**Dataset section**.
*** Begin section ***
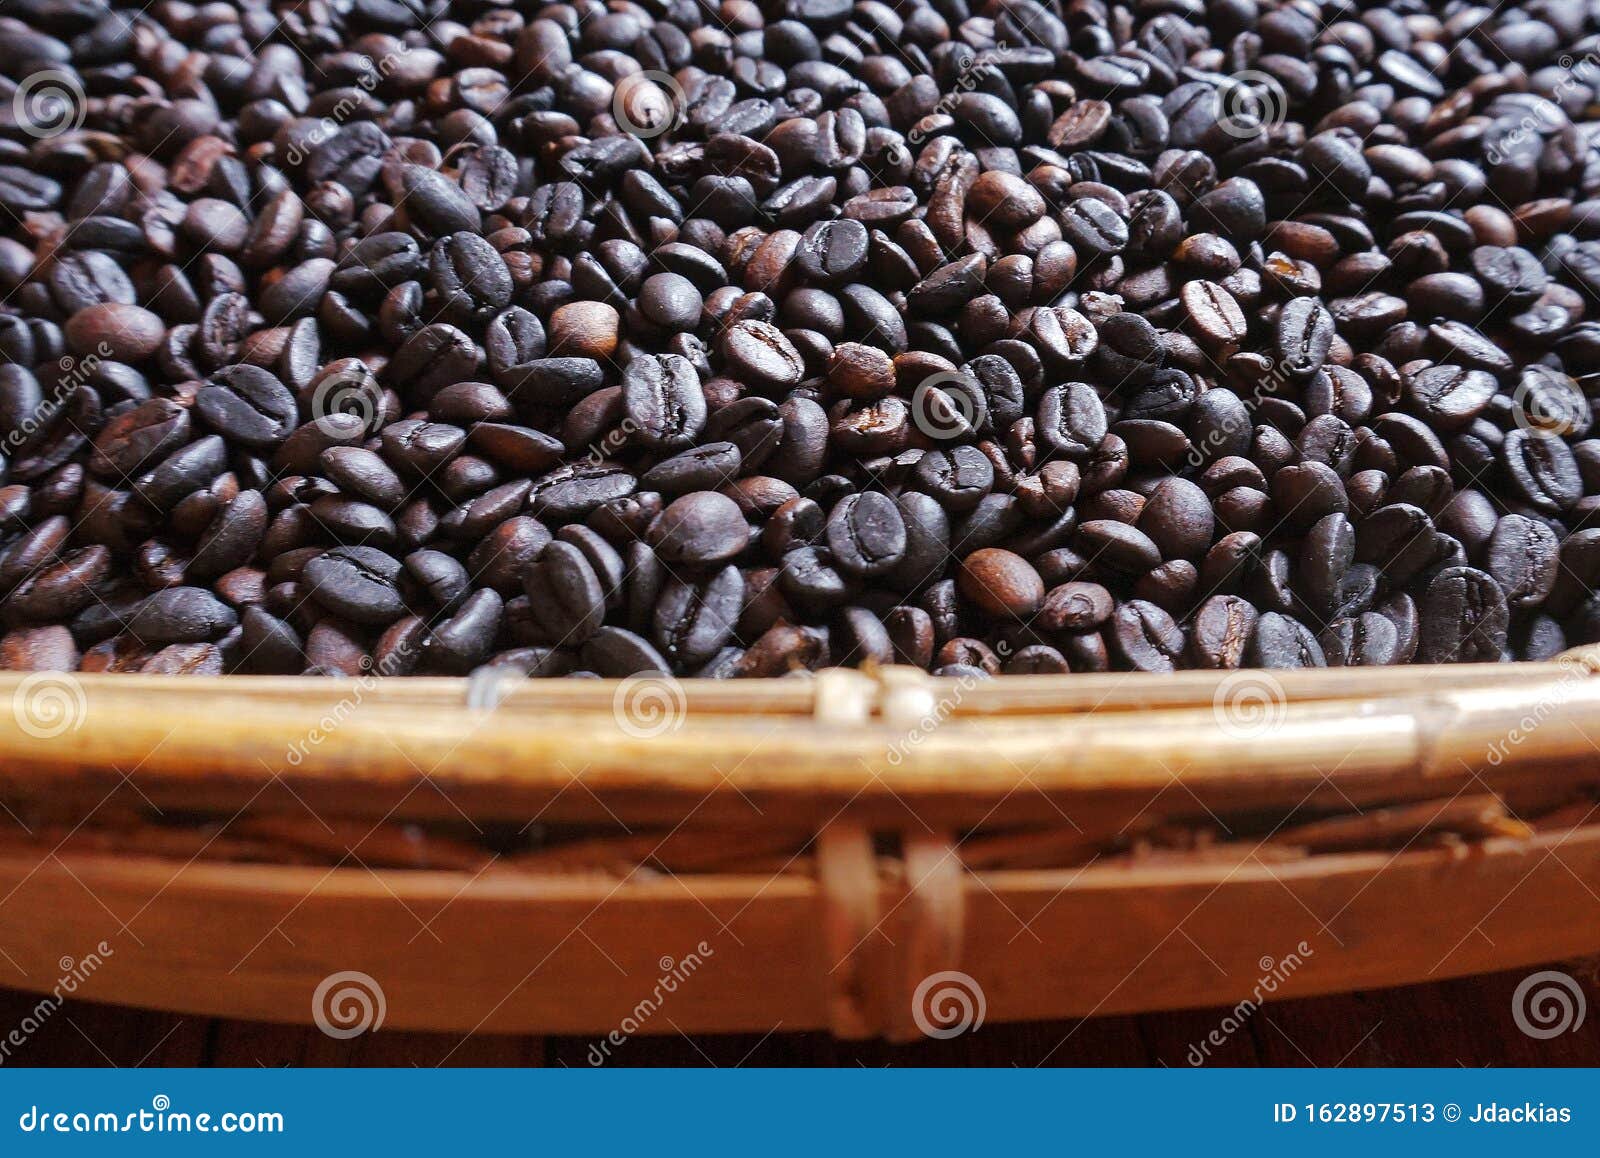 roasted coffee beans in winnower
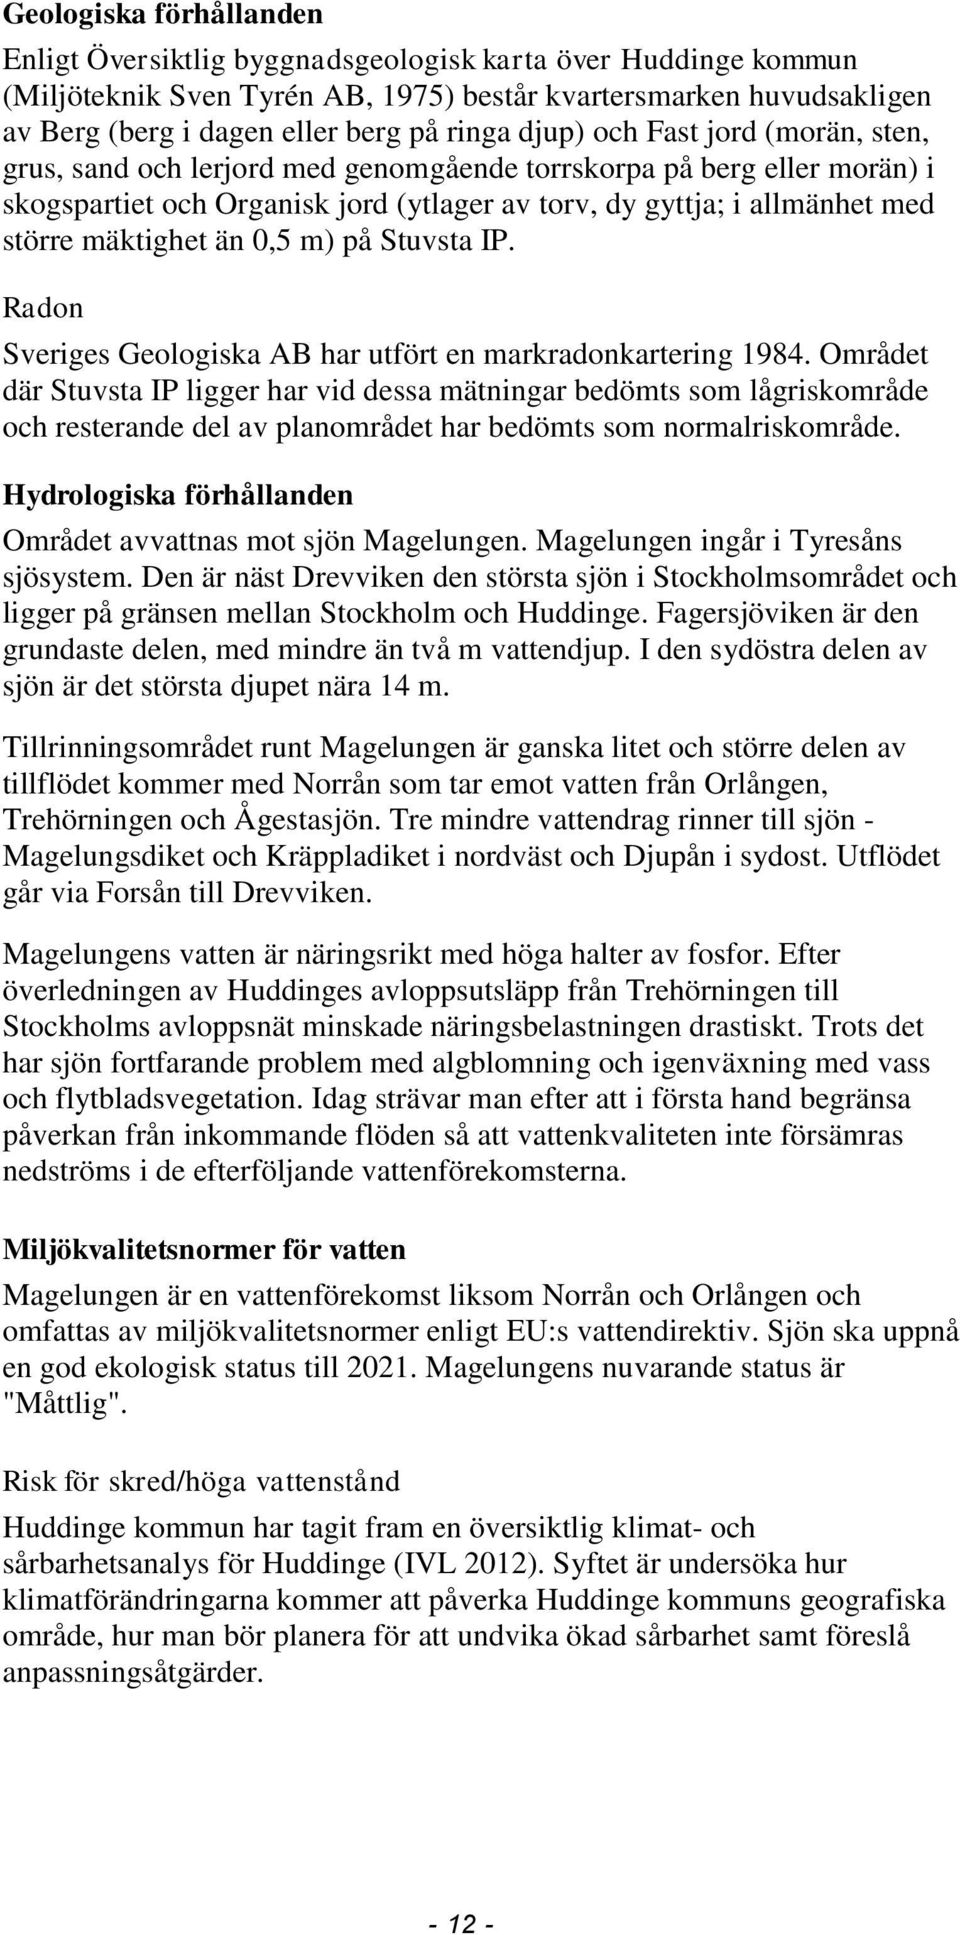 än 0,5 m) på Stuvsta IP. Radon Sveriges Geologiska AB har utfört en markradonkartering 1984.
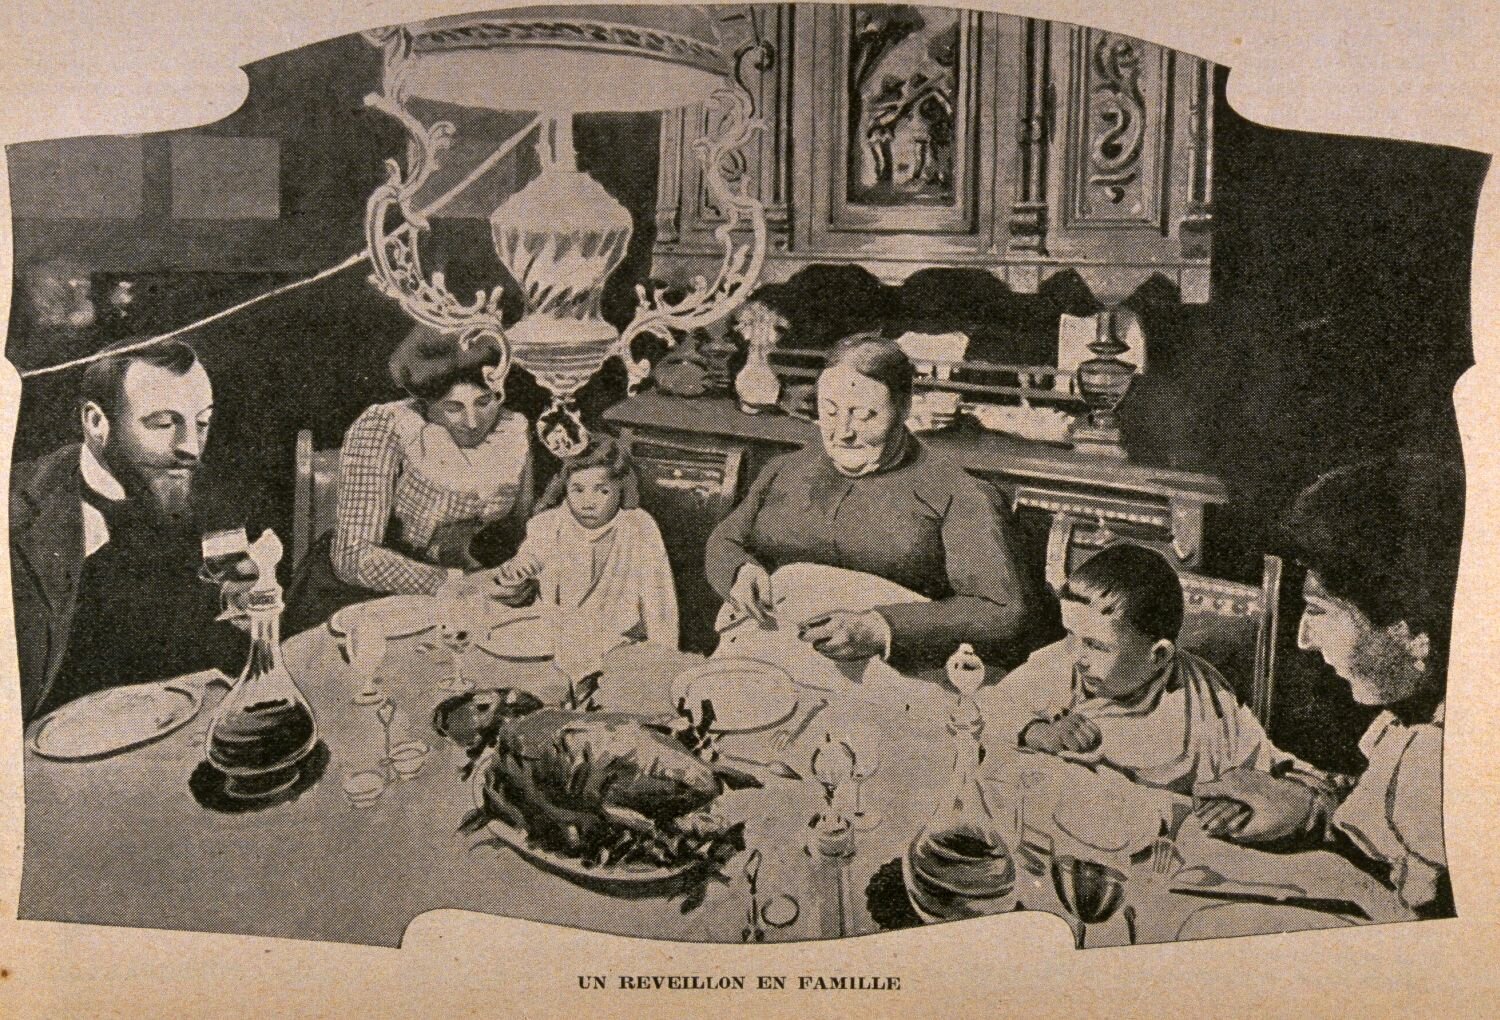 1904 image of a "Family réveillon" (BAnQ)
*** End section ***
The listing should be transcribed exactly. No picture is to appear in the transcription.

**Written answer**.
 roasted coffee beans in winnower
 än 0,5 m) på Stuvsta IP. Radon Sveriges Geologiska AB har utfört en markradonkartering 1984.
 1904 image of a "Family réveillon" (BAnQ)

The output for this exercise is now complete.